Let’s take a closer look and get to know some of Kittle’s teammates a bit better:

Infielder Steve Dillard (middle left) had a solid year for the Trappers in 1982. The Boston Red Sox draft pick, playing in his final season, put up 10 long balls, 68 RBI, while scoring 88 runs and batting .313 through 124 PCL games. Dillard played eight MLB seasons with the Red Sox, Detroit Tigers, Chicago Cubs and the Chicago White Sox. He stayed on in baseball as a manager and hitting coach in the minor leagues.
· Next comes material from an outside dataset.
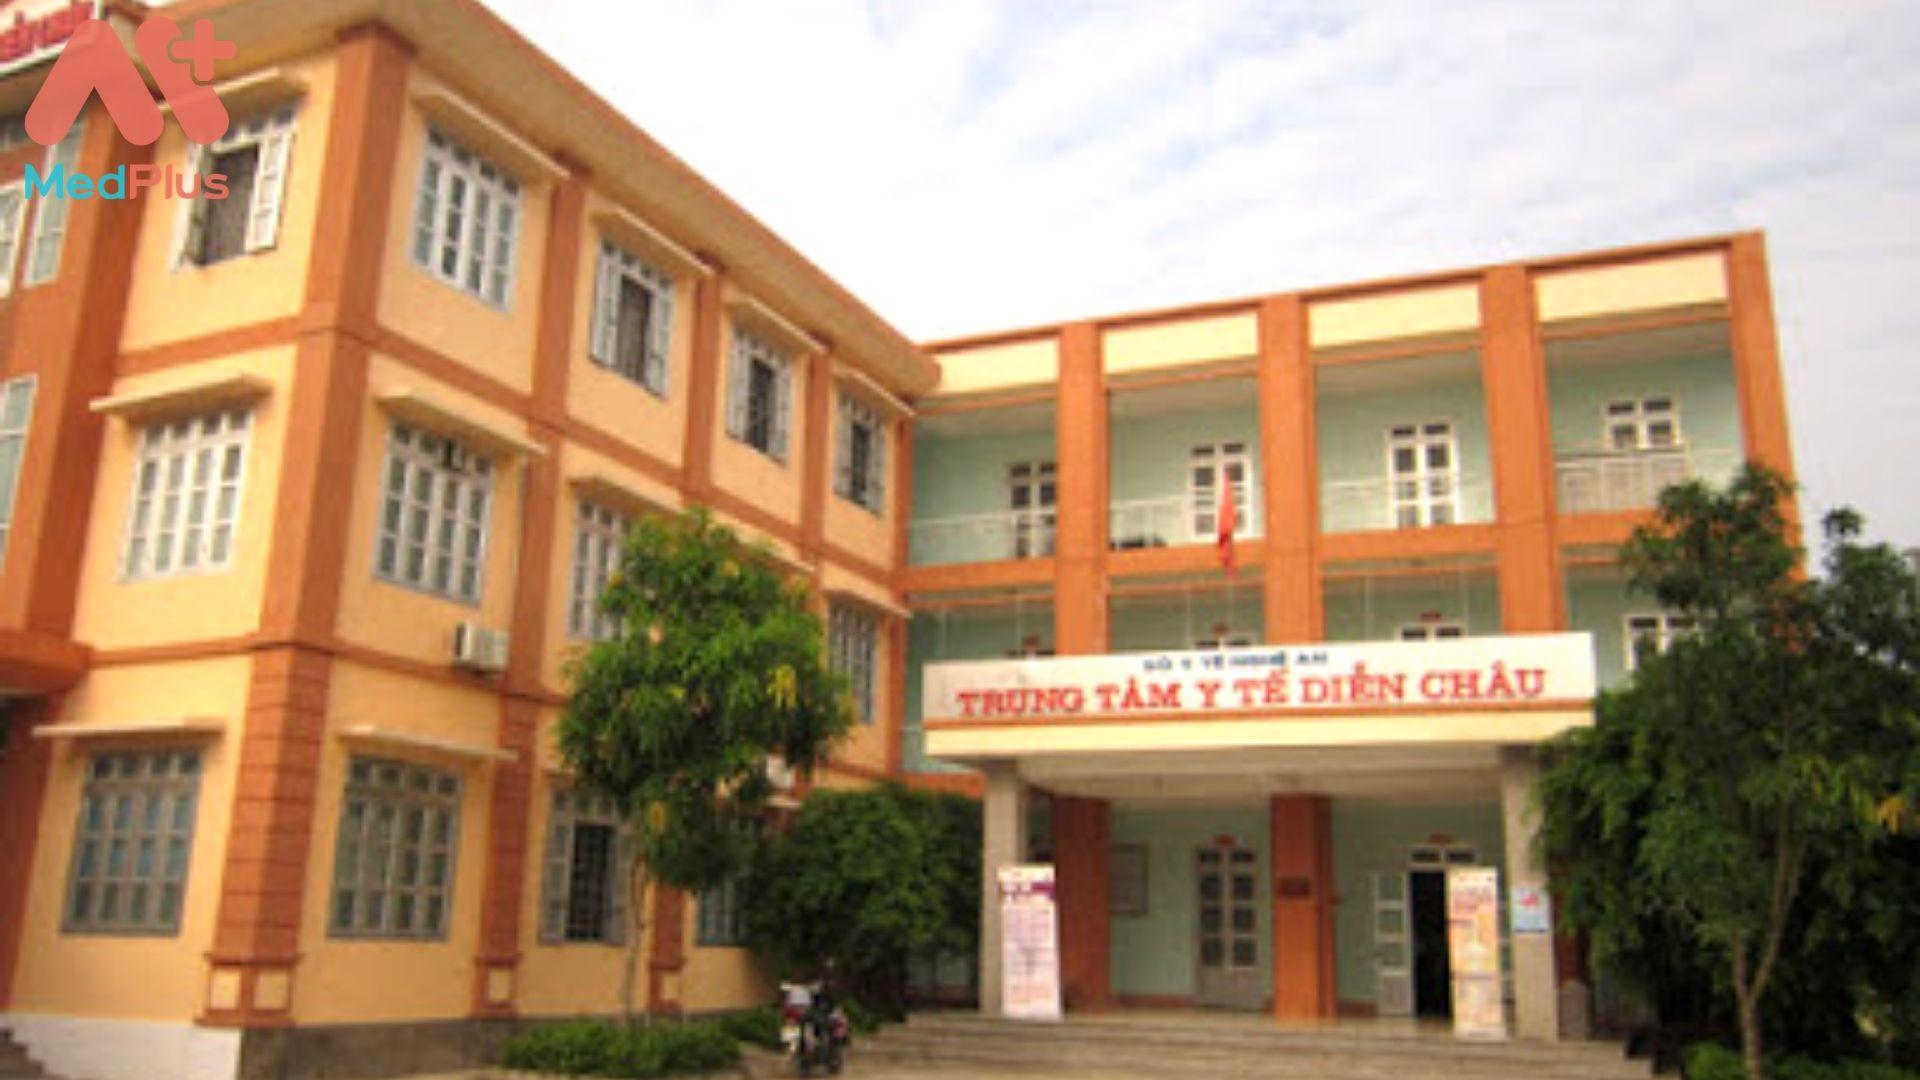 Trung tâm Y tế Diễn Châu
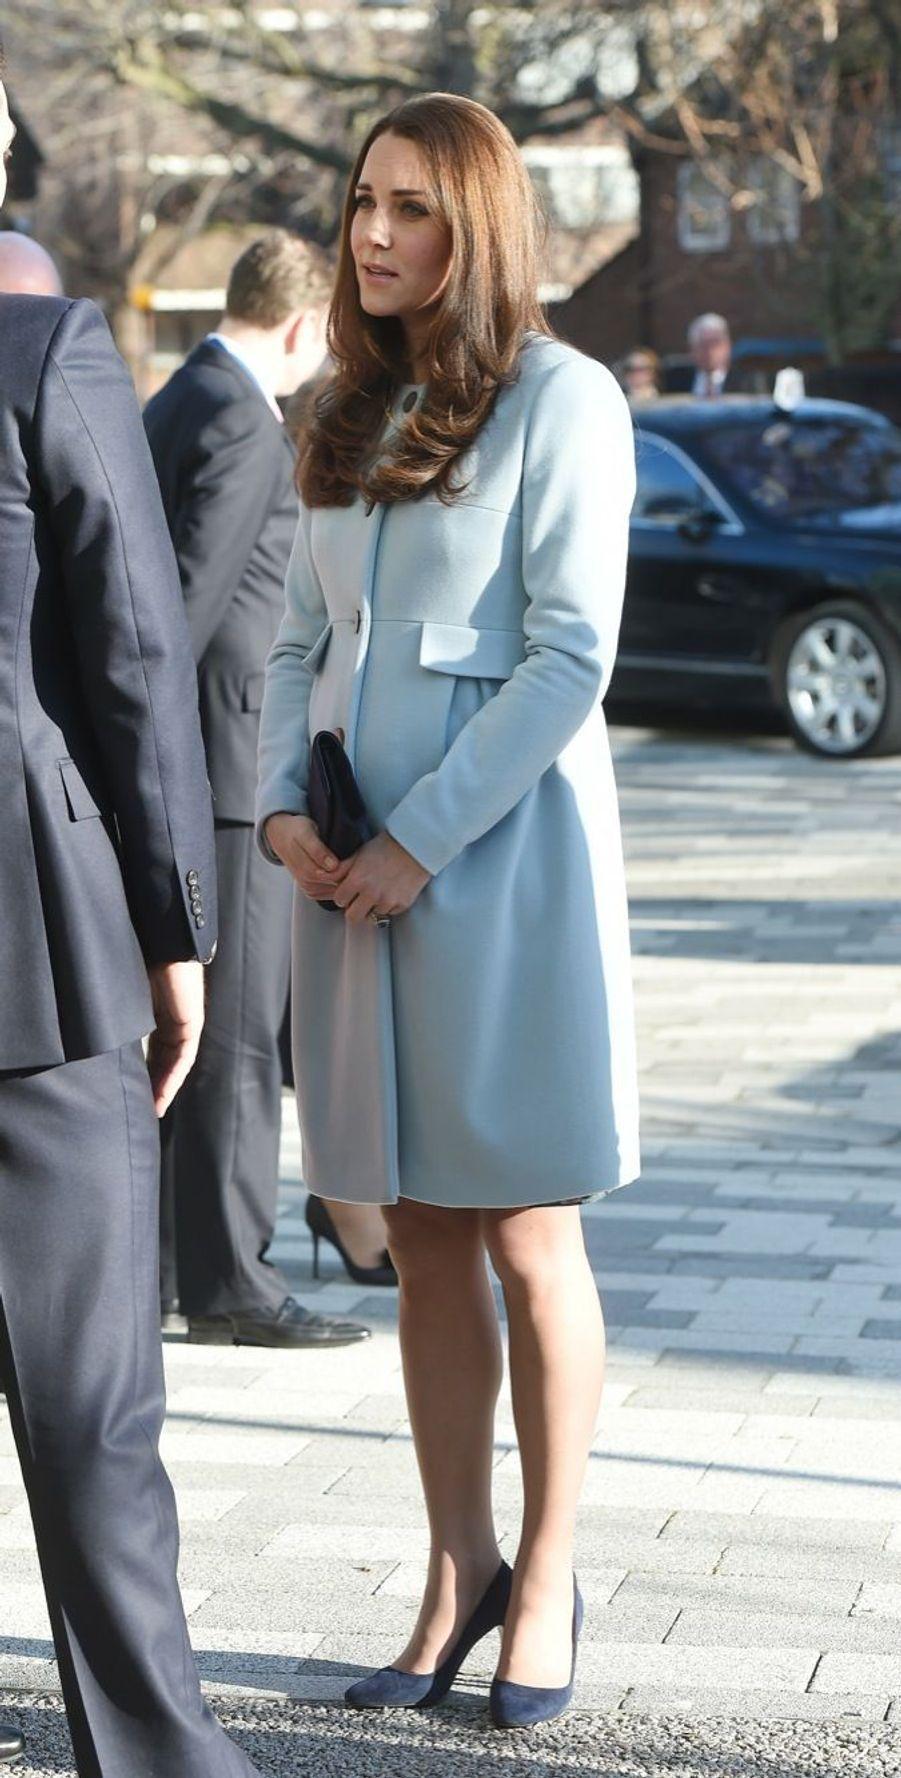 15 La Duchesse De Cambridge, Née Kate Middleton, En Visite À Kensington

His son, Tim Dillard, was a reliever with the Milwaukee Brewers who gained a social media following by creating a number of comedic videos.
First baseman Chris Nyman (centre) actually quit pro ball in spring training of 1982, but was ultimately convinced to withdraw his resignation and play for the Trappers. “He dropped hints here and there but it came as a surprise,” Edmonton manager Gordie Lund told the Edmonton Journal. “He’s a big-league ball player. He knows that and he’s just pouting. But the only thing he can do is try and show the White Sox they’re wrong about him.” An embittered Nyman added: “I think I proved I can play in the big leagues but they wouldn’t give me a chance. They wouldn’t trade me or release me, so I have no other choice.” The Californian, who hit 16 homers and 90 RBI for the Trappers in 1981, turned his frustrations to opposing pitchers. Nyman had a brilliant year for Edmonton in 1982, scoring 96 runs and 92 RBI, while registering 14 home runs, 31 stolen bases and a .335 batting average in 118 games. His .994 fielding percentage was also tops among PCL first baseman. His scorching summer finally earned him his long-awaited callup to the White Sox. Nyman made his MLB debut on July 28th. He ended up playing a total of 49 games in The Show.
Third baseman Lorenzo Gray (top left) was another returning player from the inaugural Trapper team. He was a competent batter who squared up a team-leading 33 doubles and a .358 batting average. The well-rounded slugger also collected 16 homers, 97 runs, 79 RBI and 20 stolen bases in 124 games. Along the way, he put together a 40-game hitting streak. His strong play garnered the attention of the White Sox, who promoted him to the big club in 1982. Gray finished his playing career in 1986 with 58 MLB games under his belt, all of them with the White Sox.
Nardi Contreras (centre) graduated from the playing ranks to the coaching staff with the Edmonton Trappers. The Tampa, Florida native pitched in the minor leagues before cracking the White Sox lineup in 1980, when he got into eight games as a reliever and spent 13.2 innings on the mound. The righthander joined the Trappers the following season as a starting pitcher. Through 11 games and 48 innings for Edmonton, Contreras was 4-3 with 29 strikeouts and a 5.44 earned run average (ERA). He was the first pitcher to make a start for the Trappers and the first hurler to pick up a win for the franchise. That came on April 14, 1981 during a road start against the Portland Beavers which saw Edmonton triumph by a 12-5 score. Contreras took a coaching gig with the Trappers in 1982. He continued as a pitching coach in the minors before working in MLB as a skipper with the Seattle Mariners and the White Sox. From 2005-2012, Contreras was the minor league pitching coordinator with the New York Yankees.
Outfielder Rusty Kuntz (top middle) had over 100 games of MLB experience under his belt with the White Sox when he arrived in Edmonton. The Californian played 69 games for the Trappers – he hit seven homers, scored 35 runs, contributed 34 RBI and generated 50 walks. Kuntz, who has received attention due to his unique name, played a total of 277 MLB games and won a World Series title with the Detroit Tigers in 1984. But he really made his mark on baseball as a coach, having worked for the Mariners, Florida Marlins, Pittsburgh Pirates and most recently with the Kansas City Royals. Ned Yost, the former manager of the Royals once referred to Kuntz as “the best first base coach in baseball.”
Pitcher Geoff Combe (centre) was the best bullpen arm for the Trappers. The righthander, who was signed by the Cincinnati Reds as an undrafted free agent in 1974, logged 46 innings and 33 games on the bump. He went 3-2 with six saves and 34 Ks. His 2.93 ERA was the lowest on the club and it stood out on a pitching staff that had an average ERA of 5.86. Combe appeared in 18 games for the Reds in the early 1980s and his 1982 campaign was his last season of pro baseball – he left the Trappers for the Charleston Charlies, Cleveland’s Triple-A affiliate, mid-season.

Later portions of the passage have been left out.